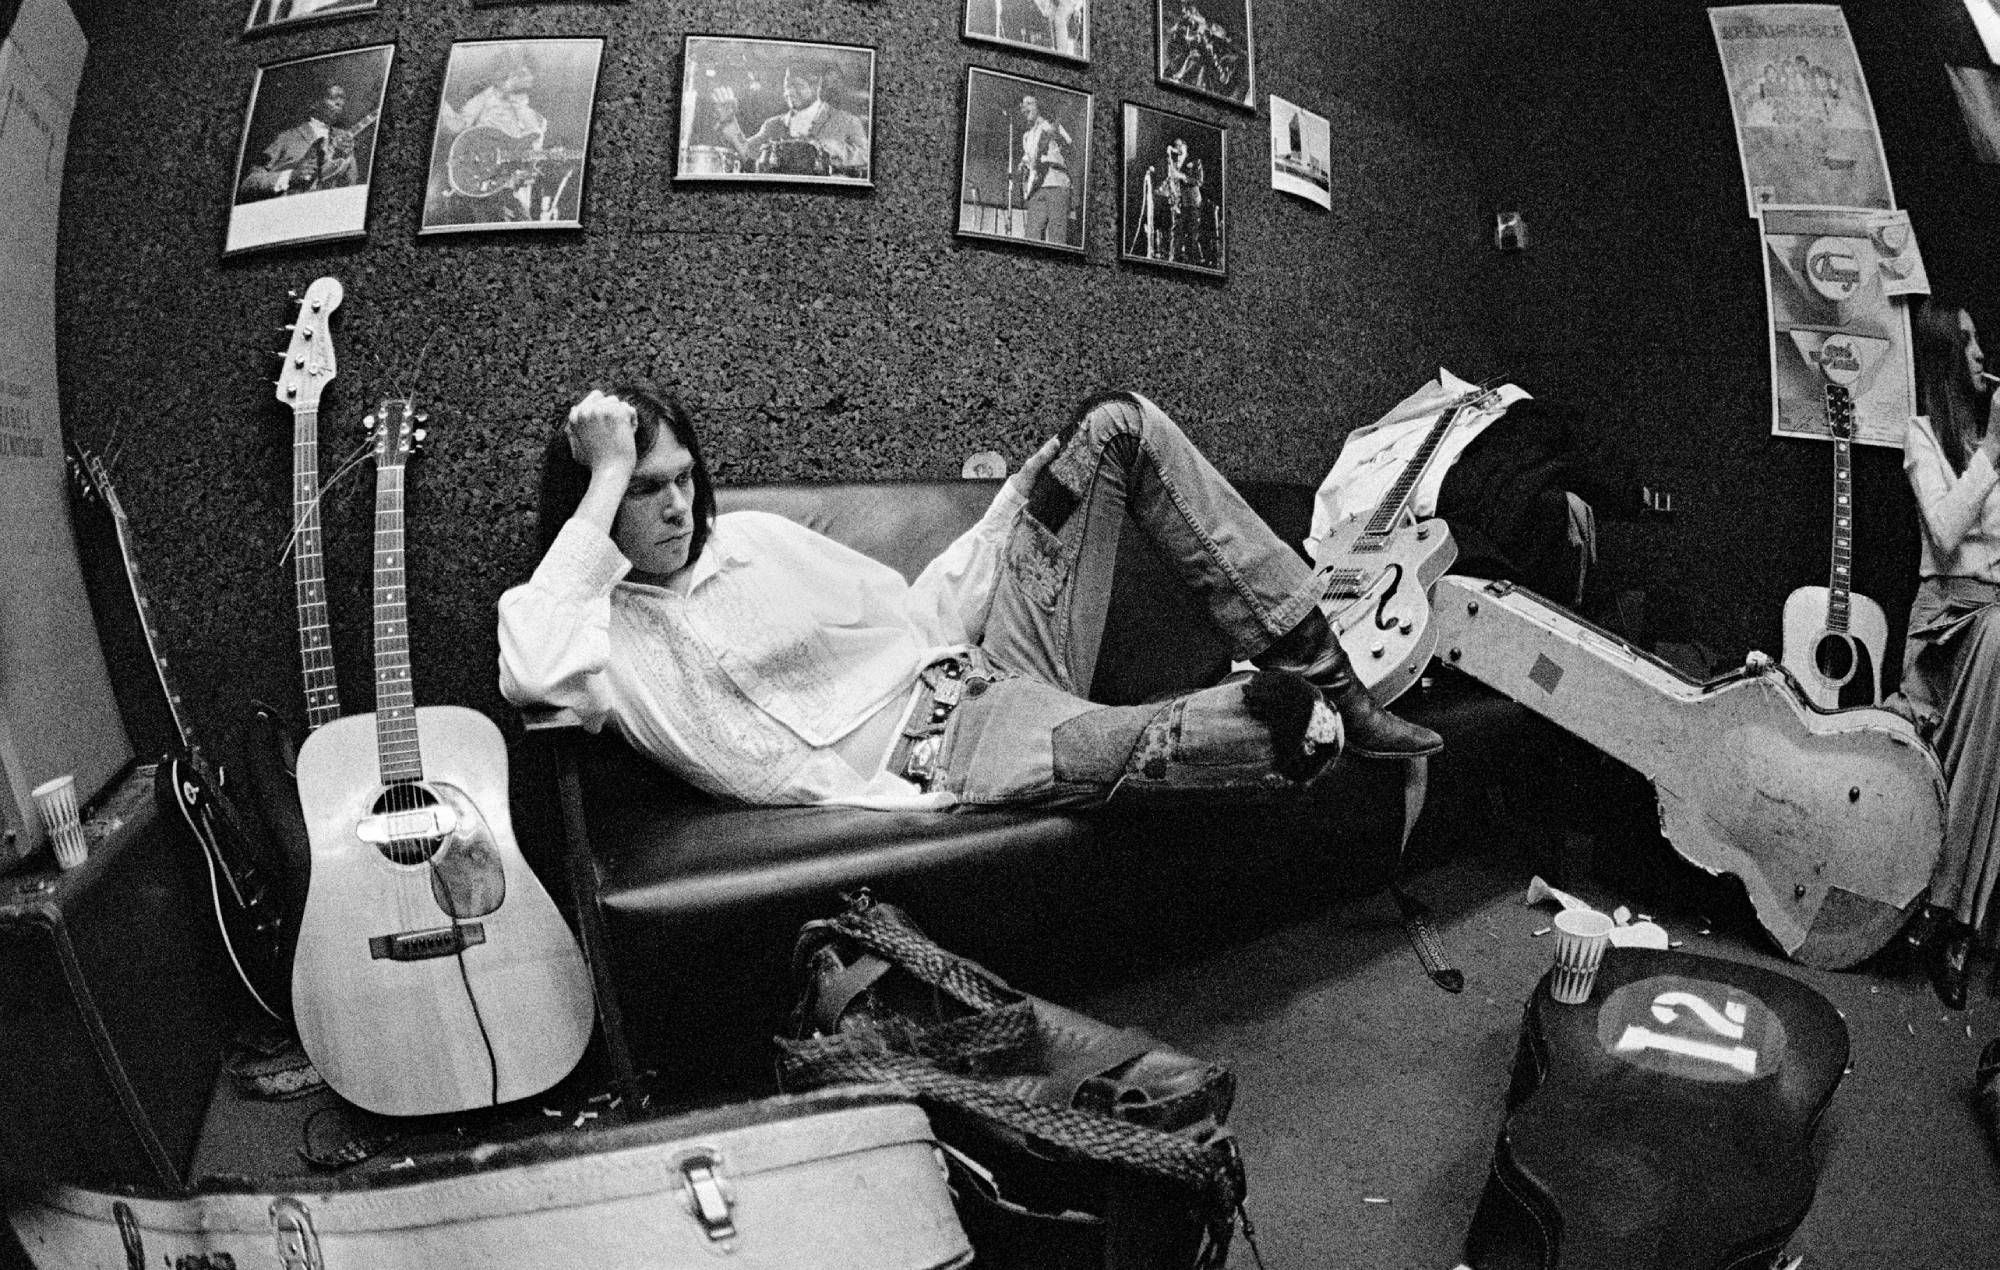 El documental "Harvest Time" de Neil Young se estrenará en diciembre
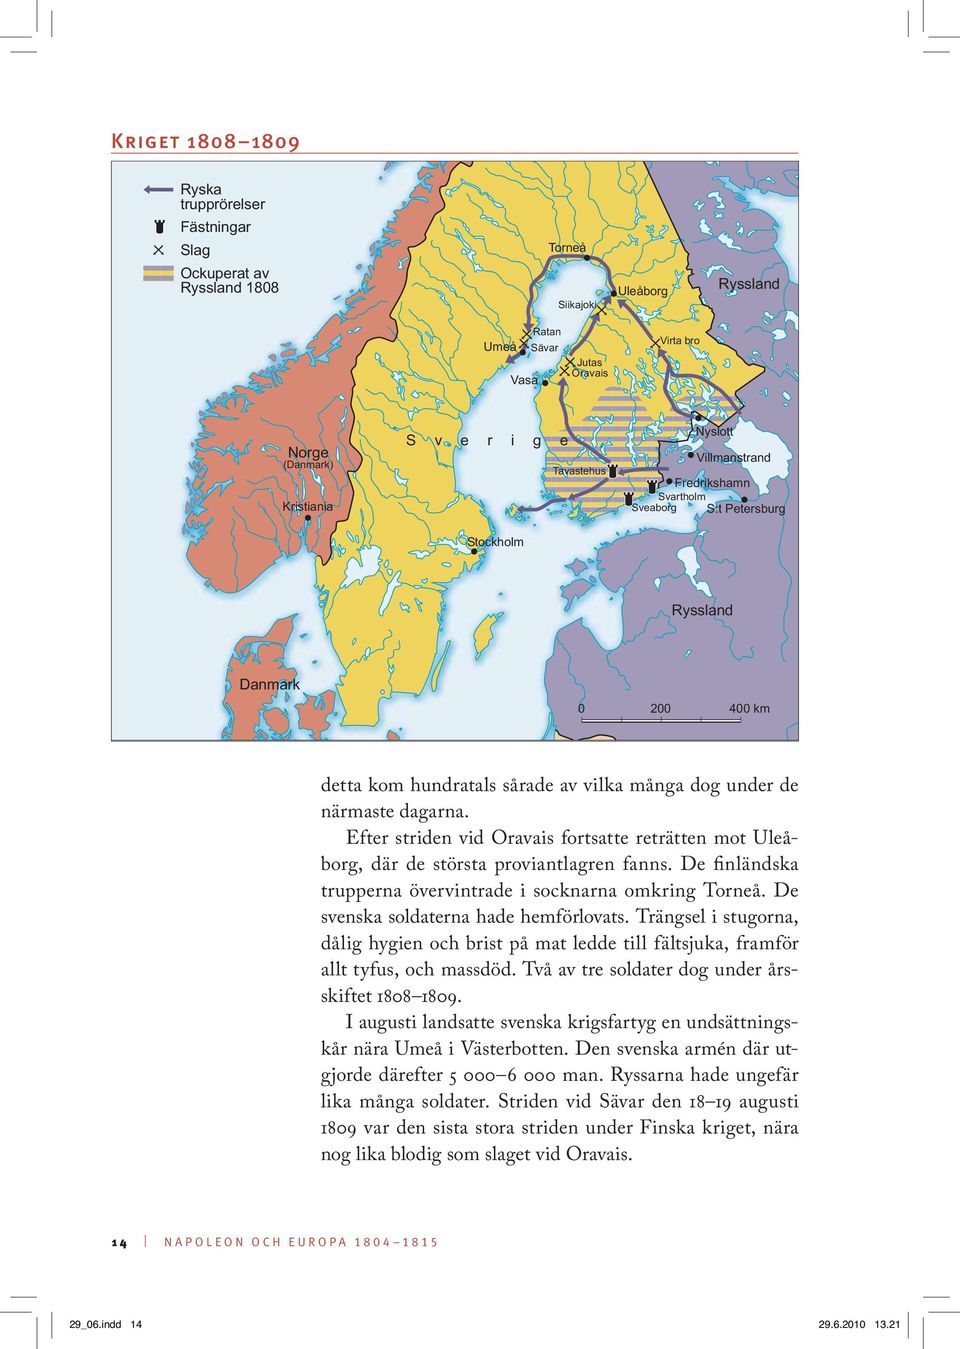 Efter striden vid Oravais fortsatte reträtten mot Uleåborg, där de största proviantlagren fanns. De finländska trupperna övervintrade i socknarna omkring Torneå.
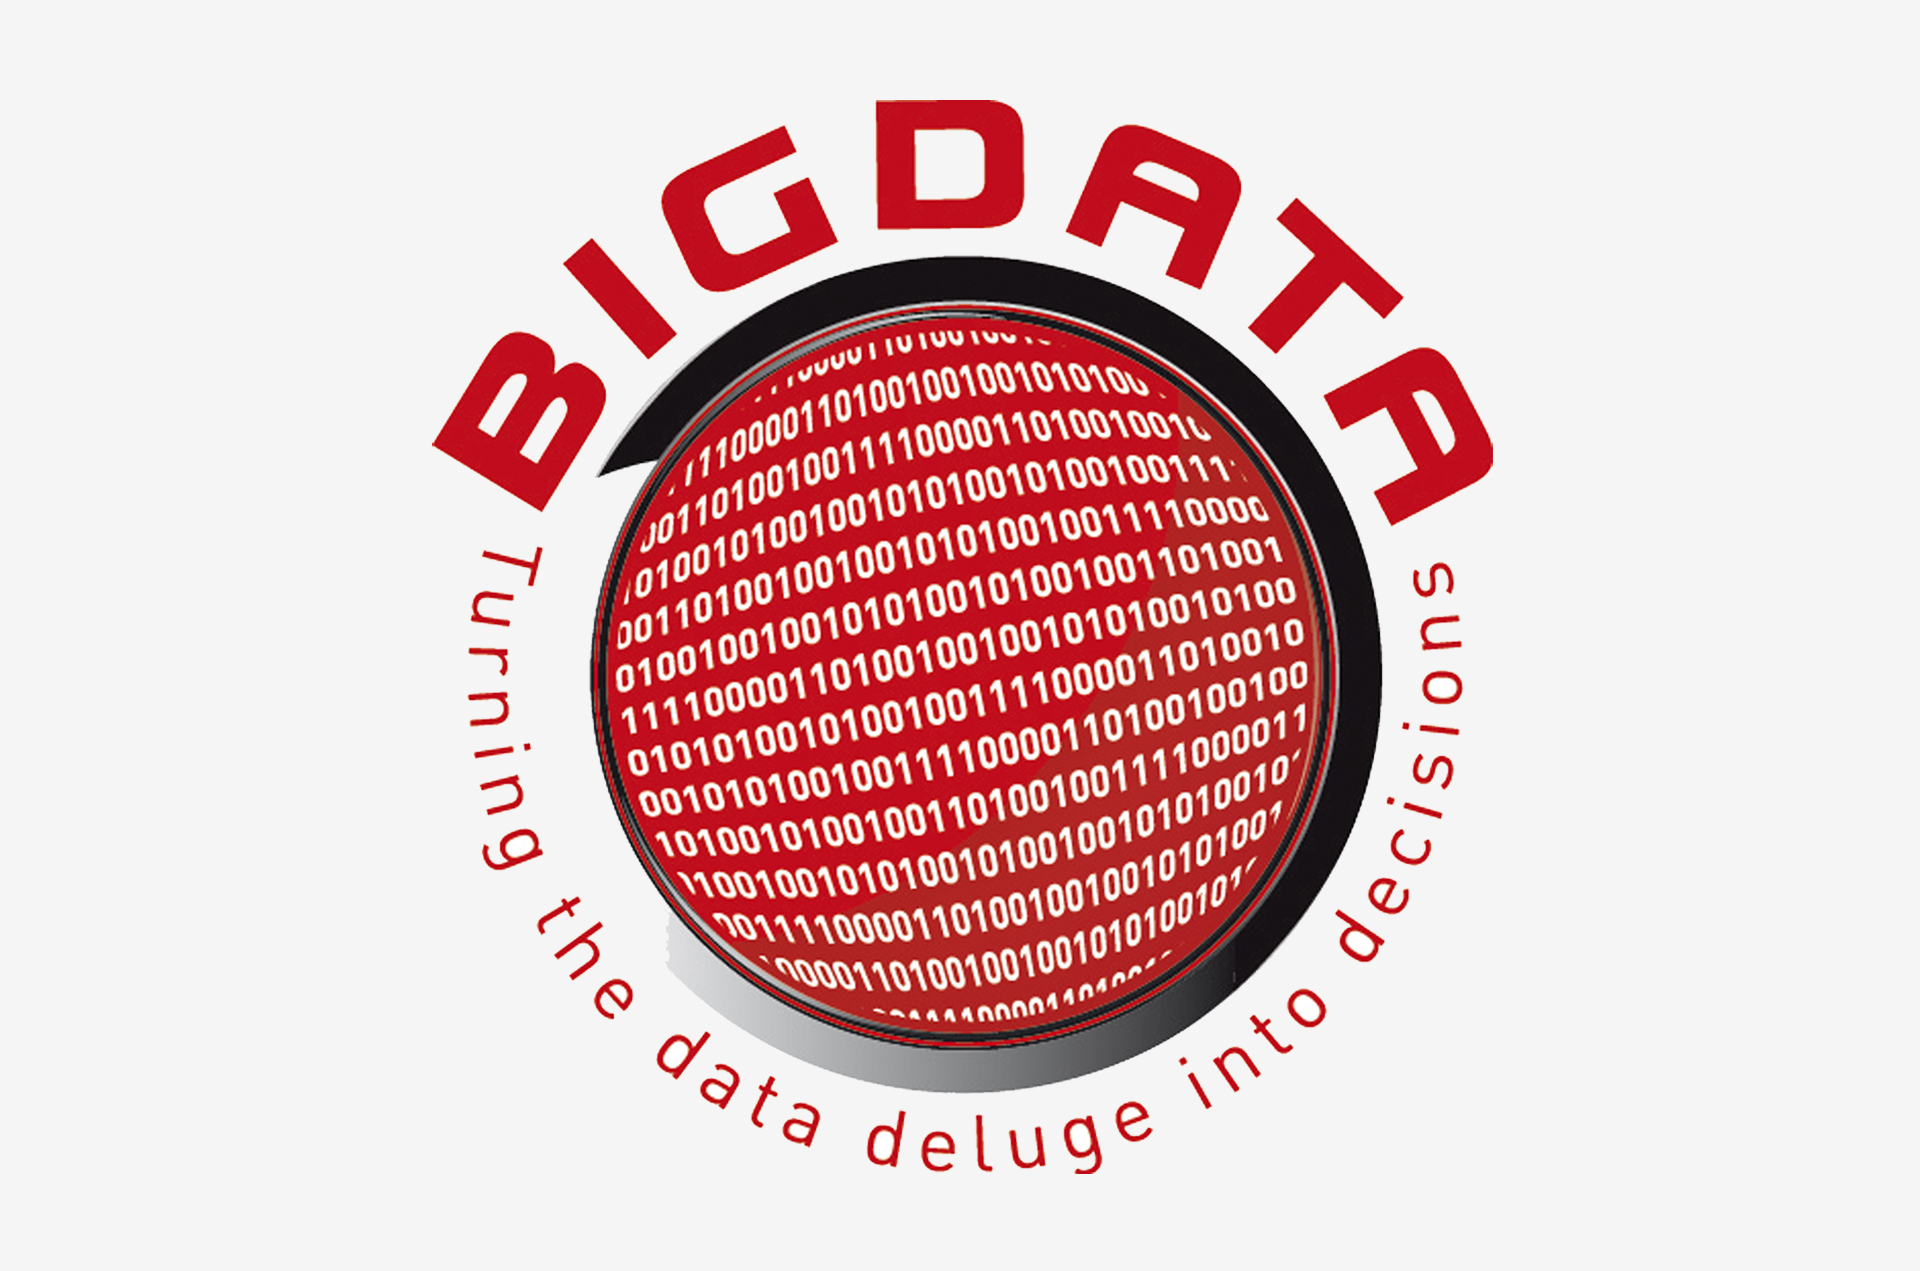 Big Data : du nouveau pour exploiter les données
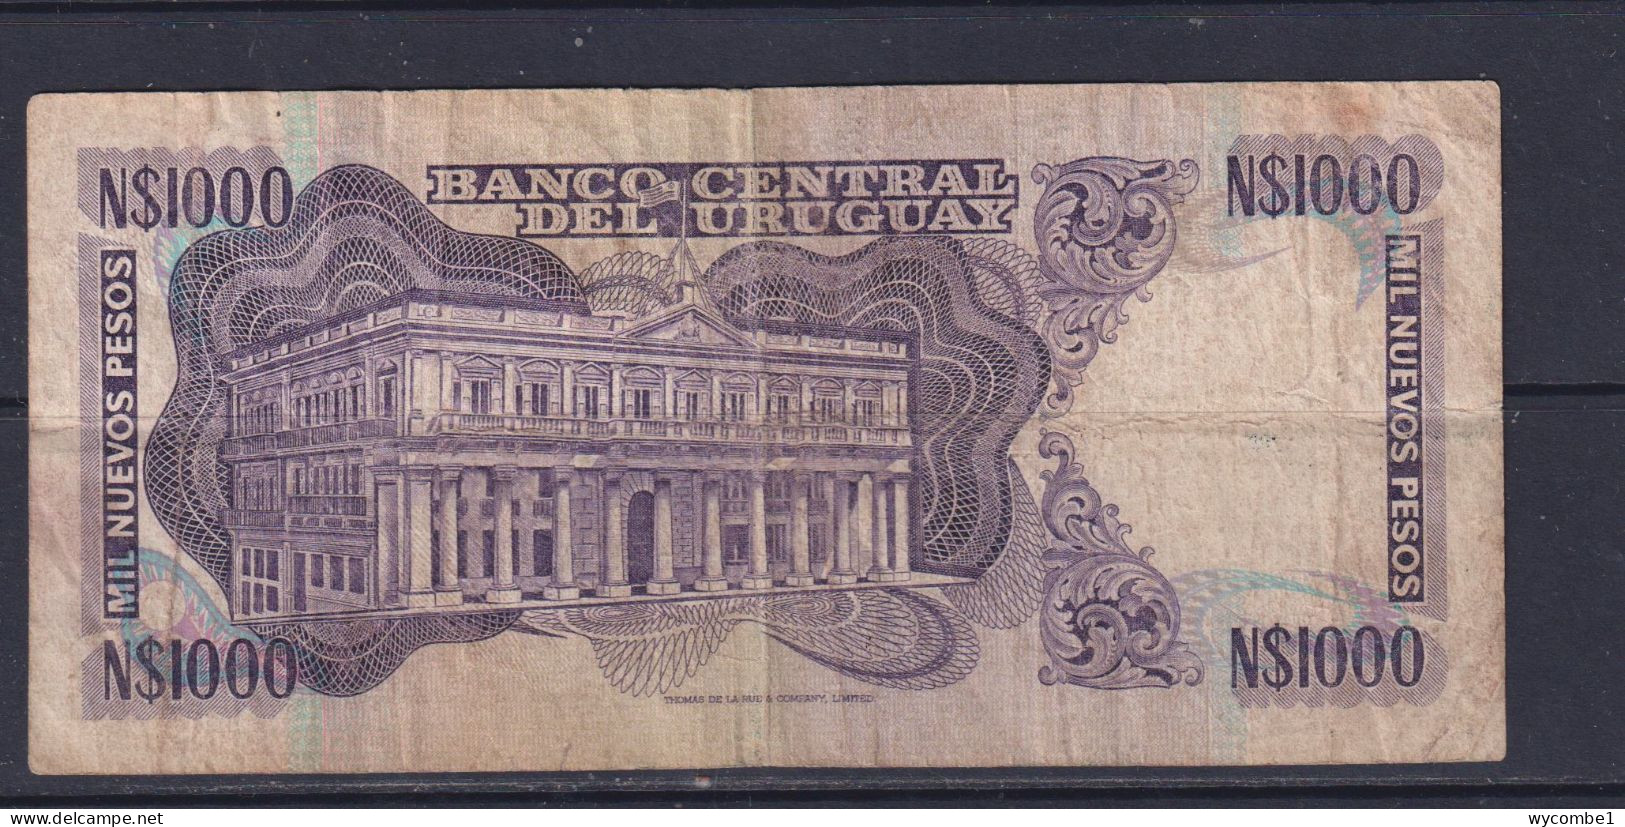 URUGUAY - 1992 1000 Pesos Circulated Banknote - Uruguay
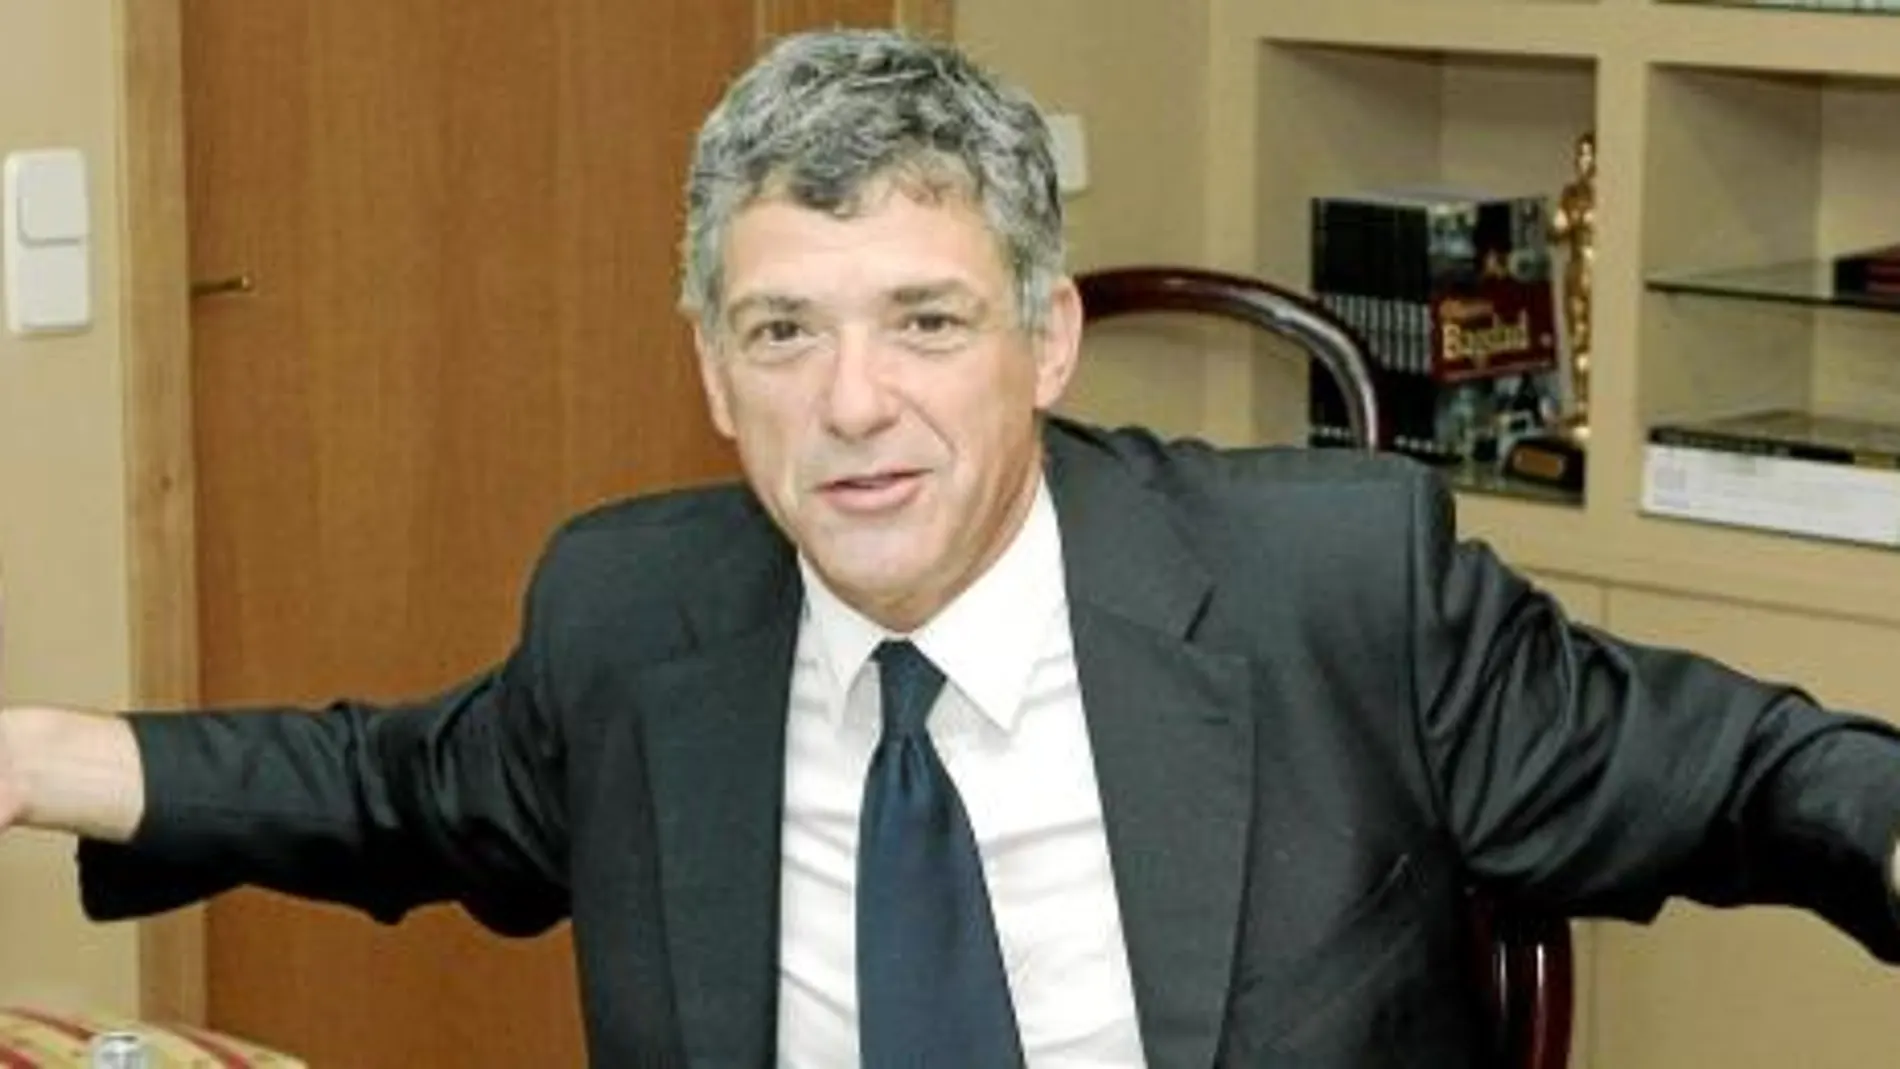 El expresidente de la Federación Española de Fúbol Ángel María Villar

### Exercise prompt
Nothing in the records should be changed in the copy, but the pictures must be left out.

### Expected output
 El documental "Harvest Time" de Neil Young se estrenará en diciembre
 Efter striden vid Oravais fortsatte reträtten mot Uleåborg, där de största proviantlagren fanns. De finländska trupperna övervintrade i socknarna omkring Torneå.
 Big Data : du nouveau pour exploiter les données
 URUGUAY - 1992 1000 Pesos Circulated Banknote - Uruguay
 El expresidente de la Federación Española de Fúbol Ángel María Villar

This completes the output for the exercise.